Single Variable Calculus, Chapter 6, 6.3, Section 6.3, Problem 8

Use the shell method to find the volume generated by rotating the region bounded by the curves $y = \sqrt{x}, y = x^2$ about the $y$-axis. Sketch the region and a typical shell








If we use a vertical strips, notice that the distance of these strips from the $y$-axis is $x$. If we revolve this length about the $y$-axis, you'll get the circumference $C = 2 \pi x$. Also, notice that the height of the strips resembles the height of the cylinder as $H y_{\text{upper}} - y_{\text
{lower}} = \sqrt{x} - x^2$. So, we have..

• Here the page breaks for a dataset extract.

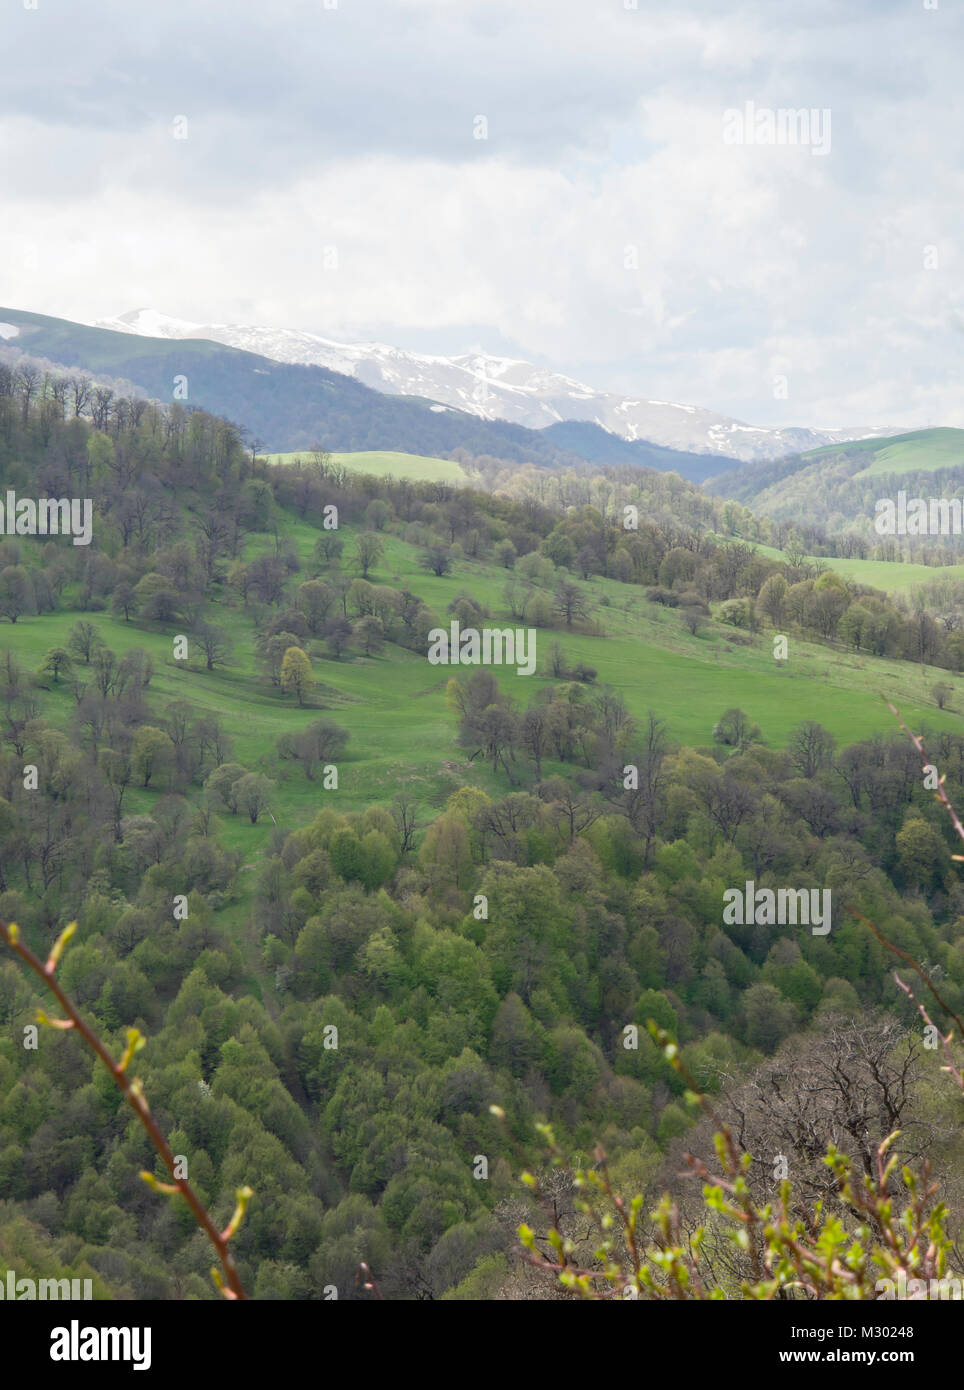 Le printemps à et autour de l'Arménie dans le Parc National de Dilijan une zone appréciée par les randonneurs, une variété d'arbres à feuilles caduques dans différents verts Banque D'Images
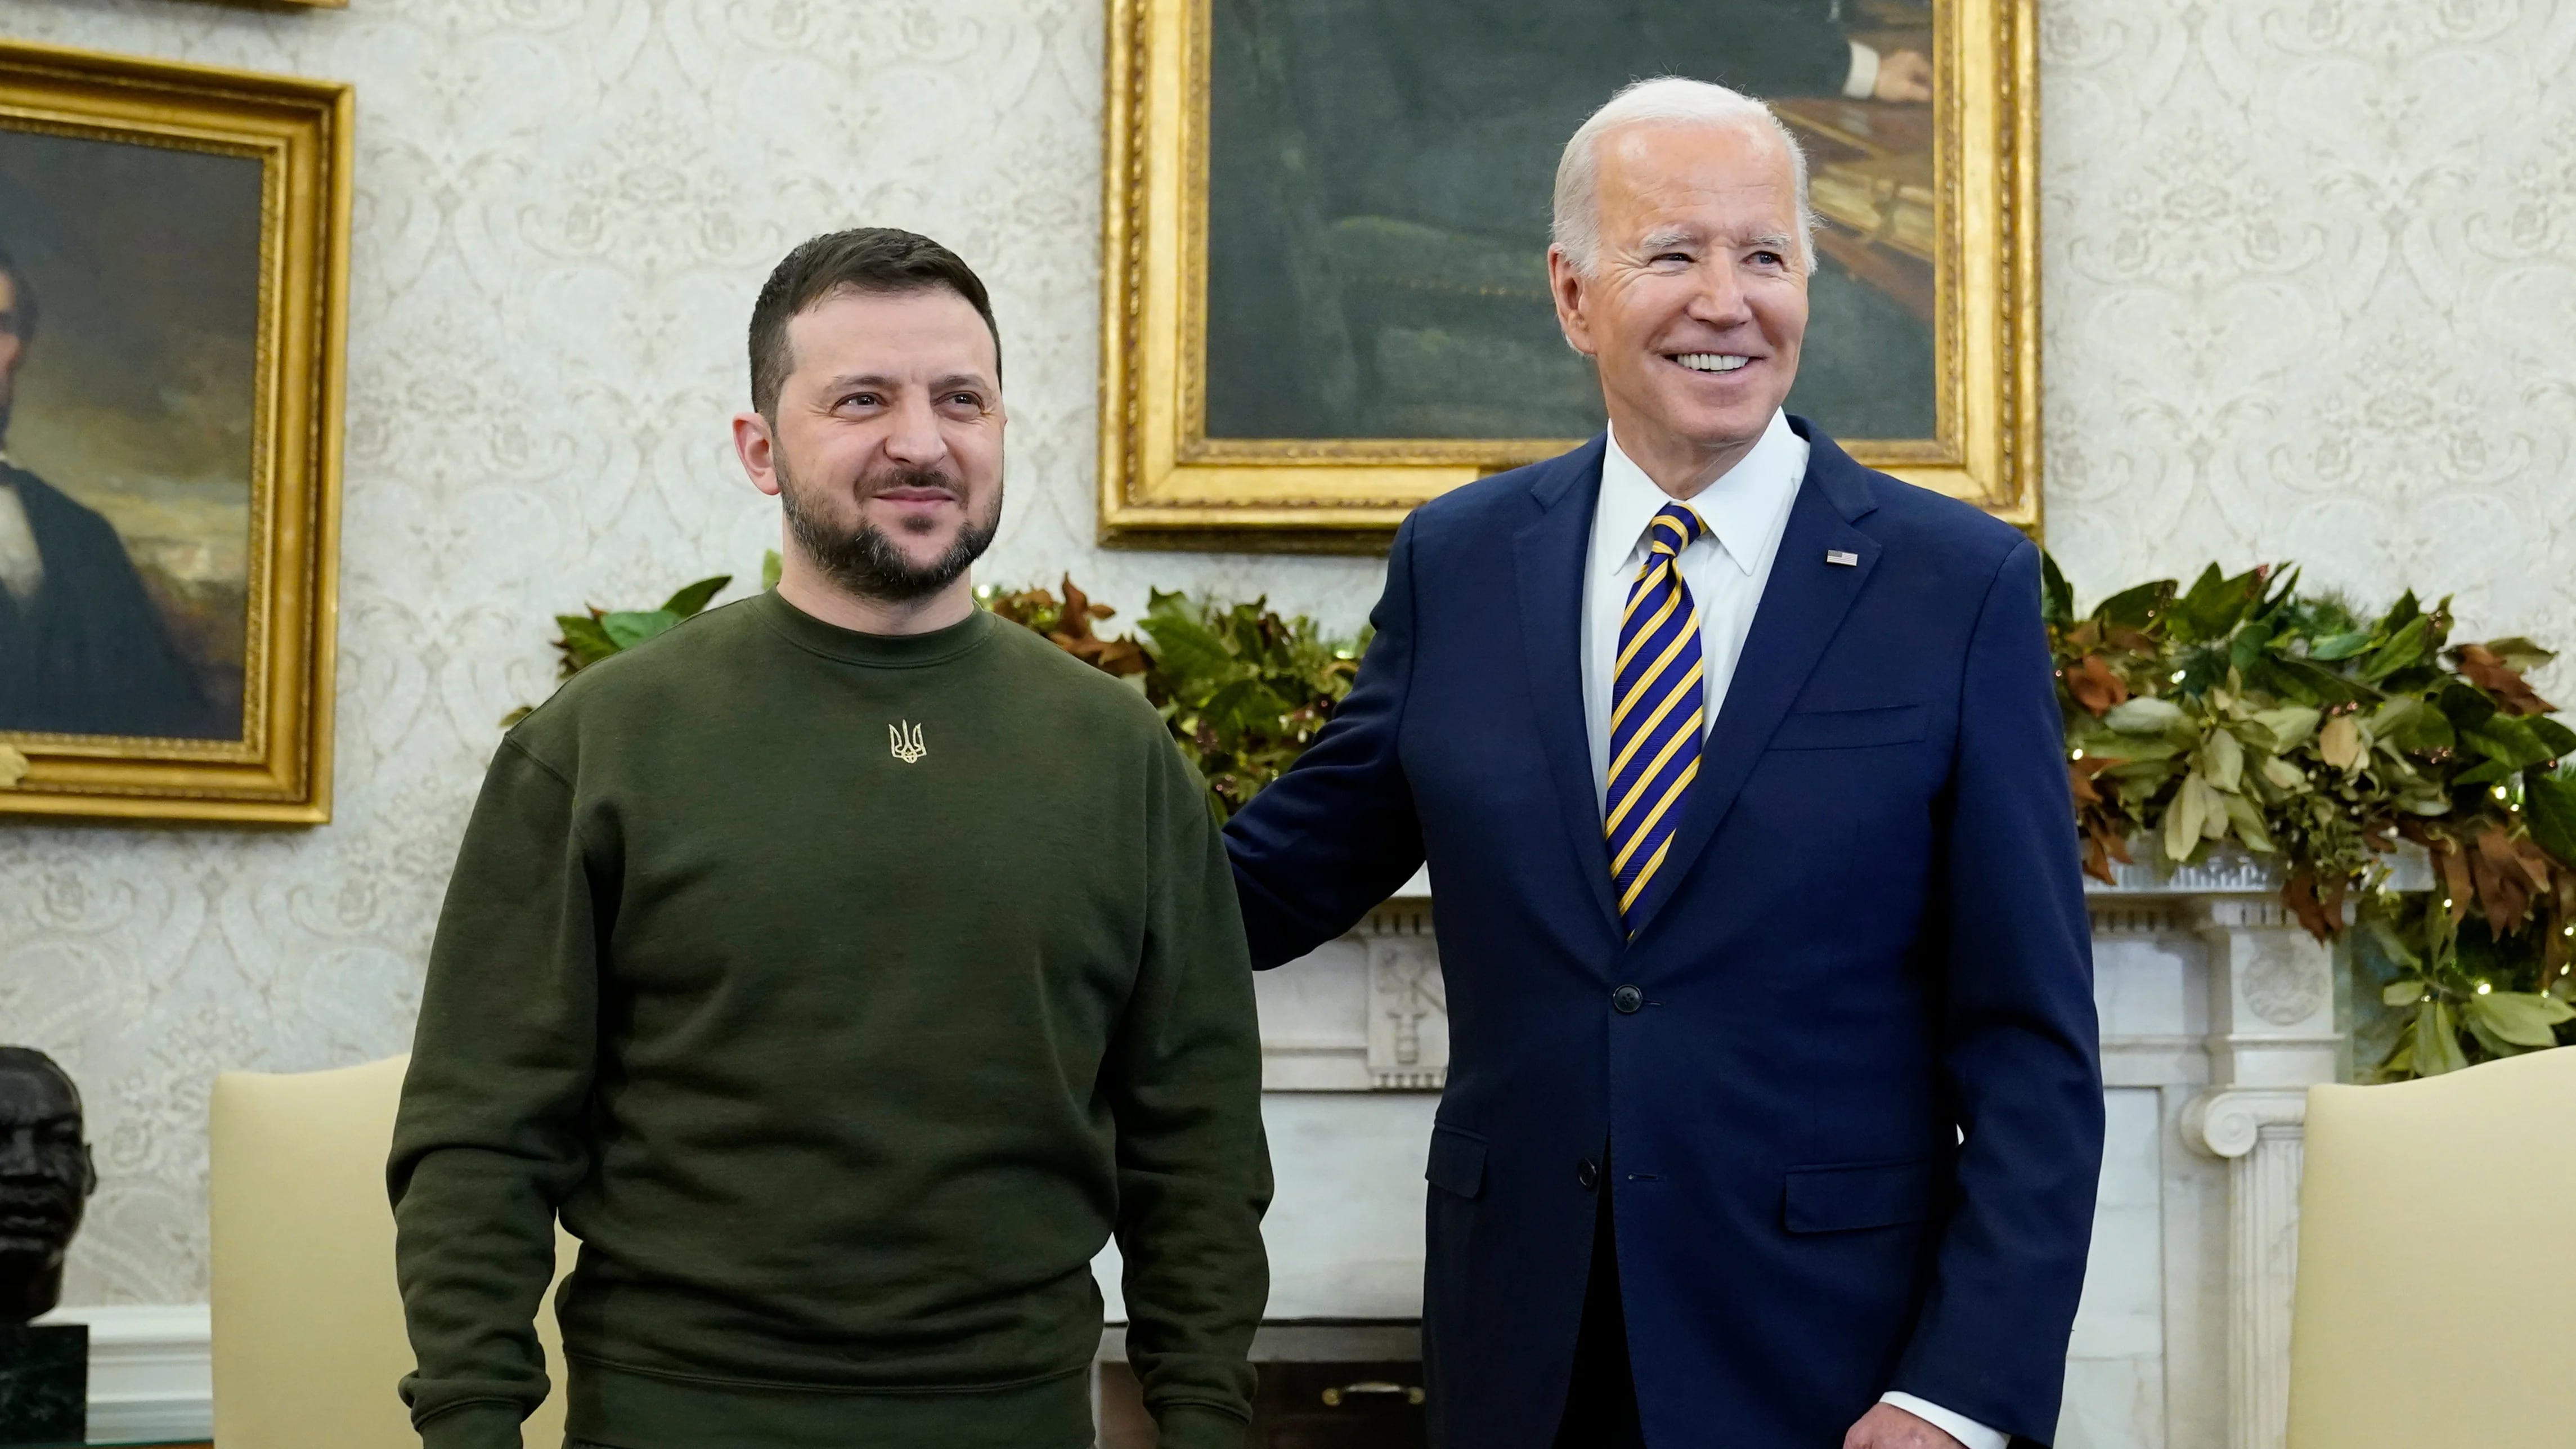 El presidente Joe Biden recibe al mandatario ucraniano Volodymyr Zelenskyy en la Oficina Oval de la Casa Blanca, el miércoles 21 de diciembre de 2022, en Washington. (AP Foto/Patrick Semansky)

$\displaystyle V = \int^b_a C(x) H(x) dx$

The values of the upper and lower limits can be obtained by getting the points of intersection.


$
\begin{equation}
\begin{aligned}

& \sqrt{x} = x^2
\\
\\
& x^{(2 - \frac{1}{2})} = 1
\\
\\
& x^{\frac{3}{2}} = 1
\\
\\
& x = 1

\end{aligned}
\end{equation}
$


Hence,


$
\begin{equation}
\begin{aligned}

V =& \int^1_0 2 \pi x (\sqrt{x} - x^2) dx
\\
\\
V =& 2 \pi \int^1_0 (x^{\frac{3}{2}} - x^3) dx
\\
\\
V =& 2 \pi \left[ \displaystyle \frac{x^{\frac{5}{2}}}{\displaystyle \frac{5}{2}} - \frac{x^4}{4} \right]^1_0
\\
\\
V =& \frac{3 \pi}{10} \text{ cubic units}

\end{aligned}
\end{equation}
$